__DATA SECTION__
::::::::
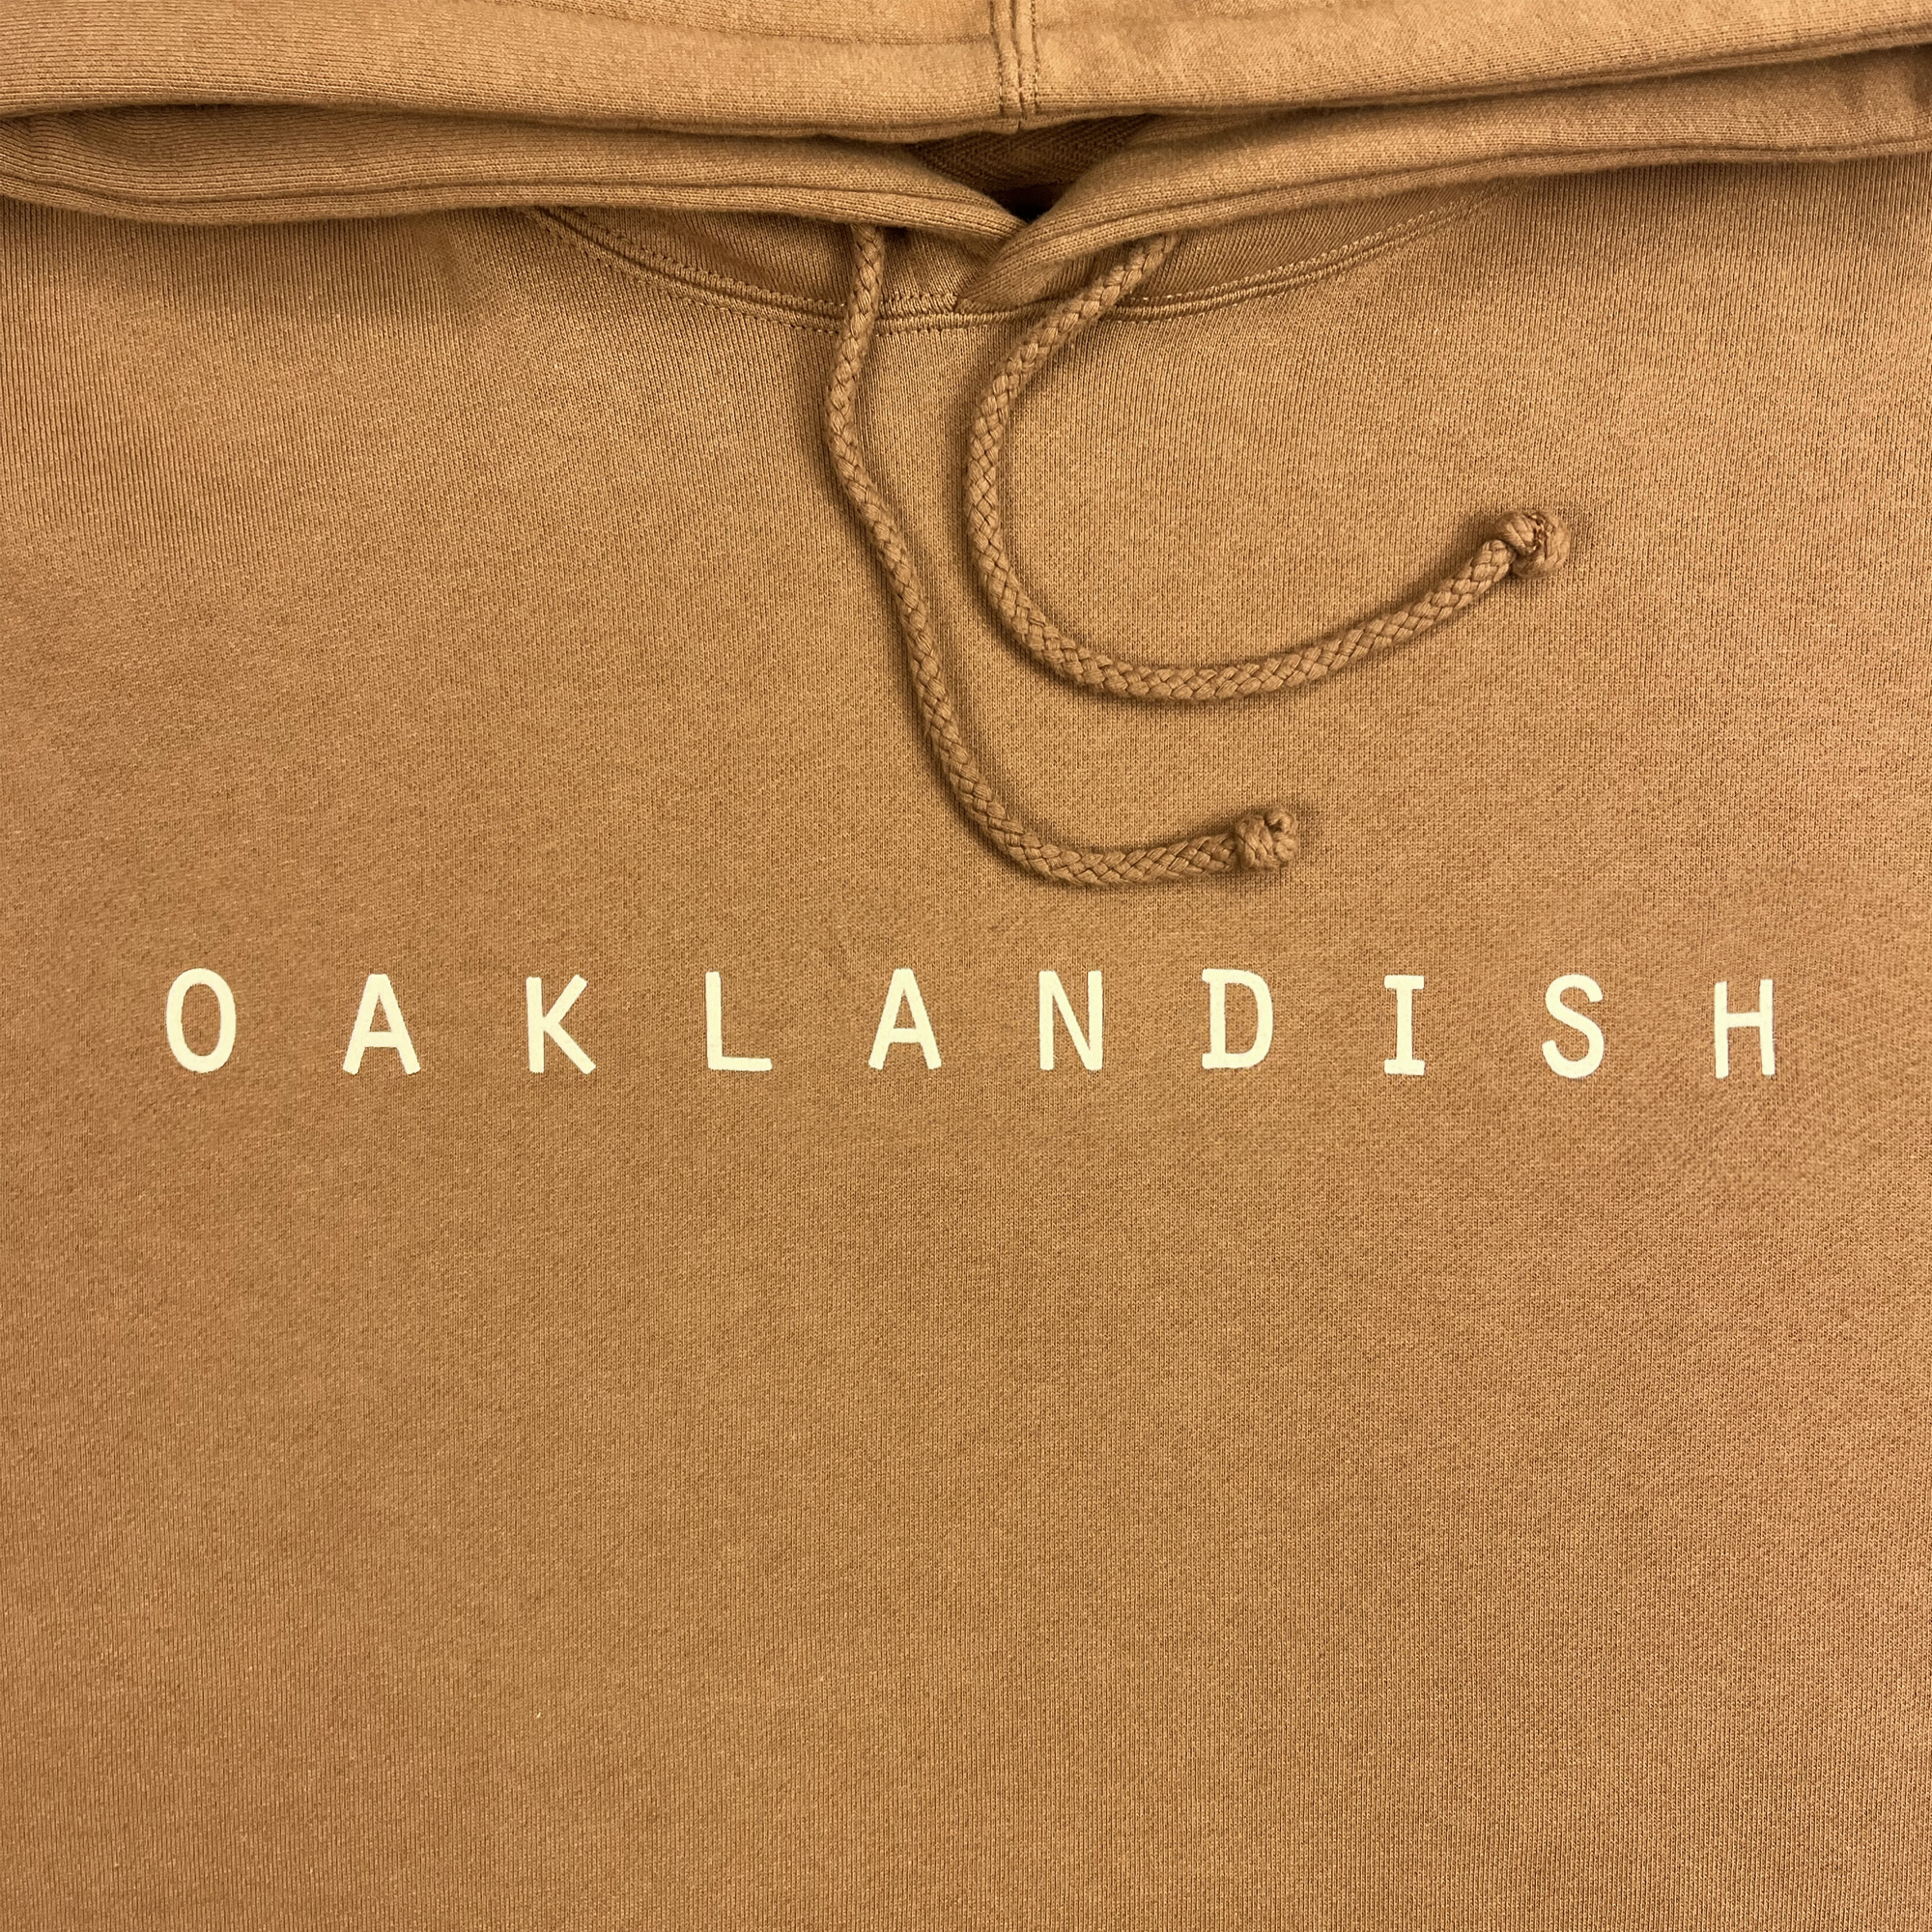 Detail front view of Premium pullover Hoodie - Classic Oaklandish, Saddle brown.
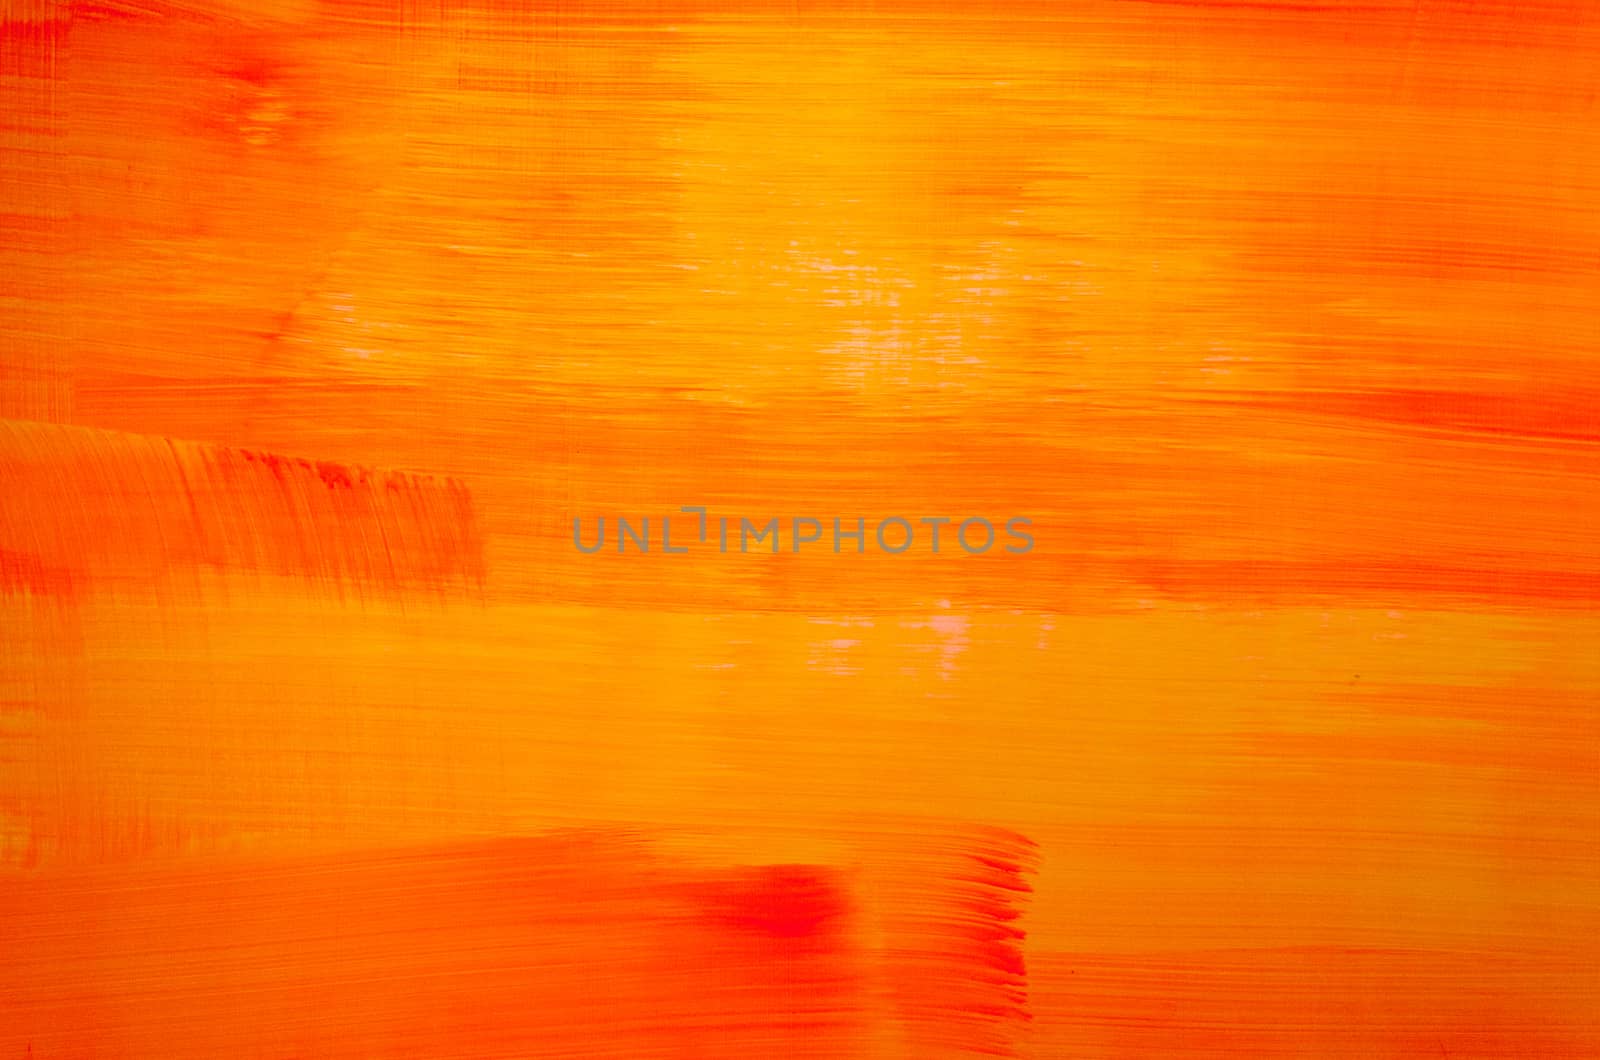 Abstract red / orange background by JFsPic
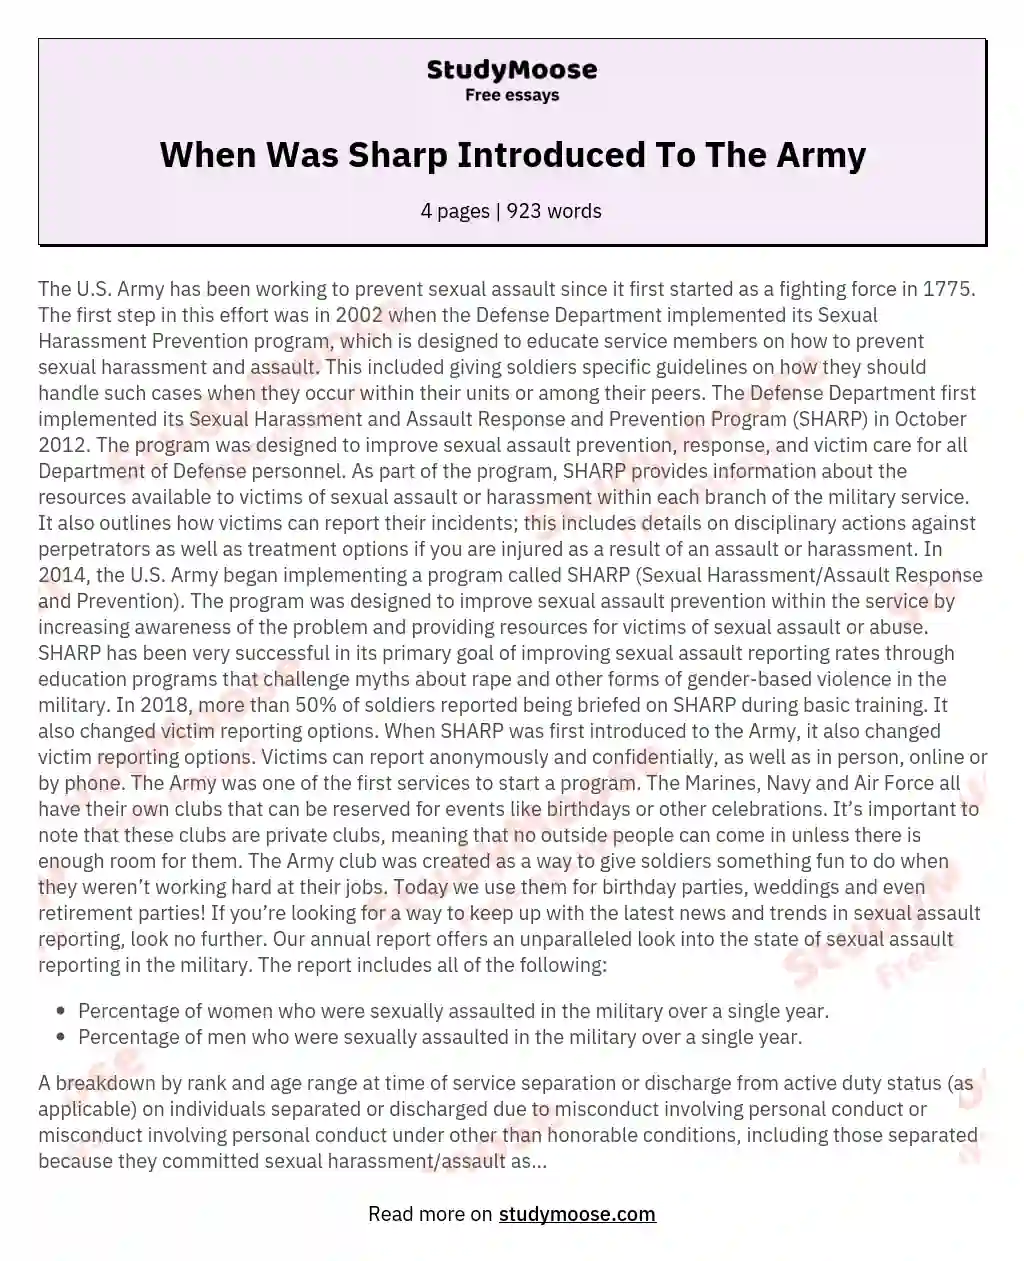 When Was Sharp Introduced To The Army essay
::::::::
__TASK DETAILS__
The required output is the listing above reproduced exactly, pictures removed.

__TASK ANSWER__
 Detail front view of Premium pullover Hoodie - Classic Oaklandish, Saddle brown.
 Abstract red / orange background by JFsPic
 When Was Sharp Introduced To The Army essay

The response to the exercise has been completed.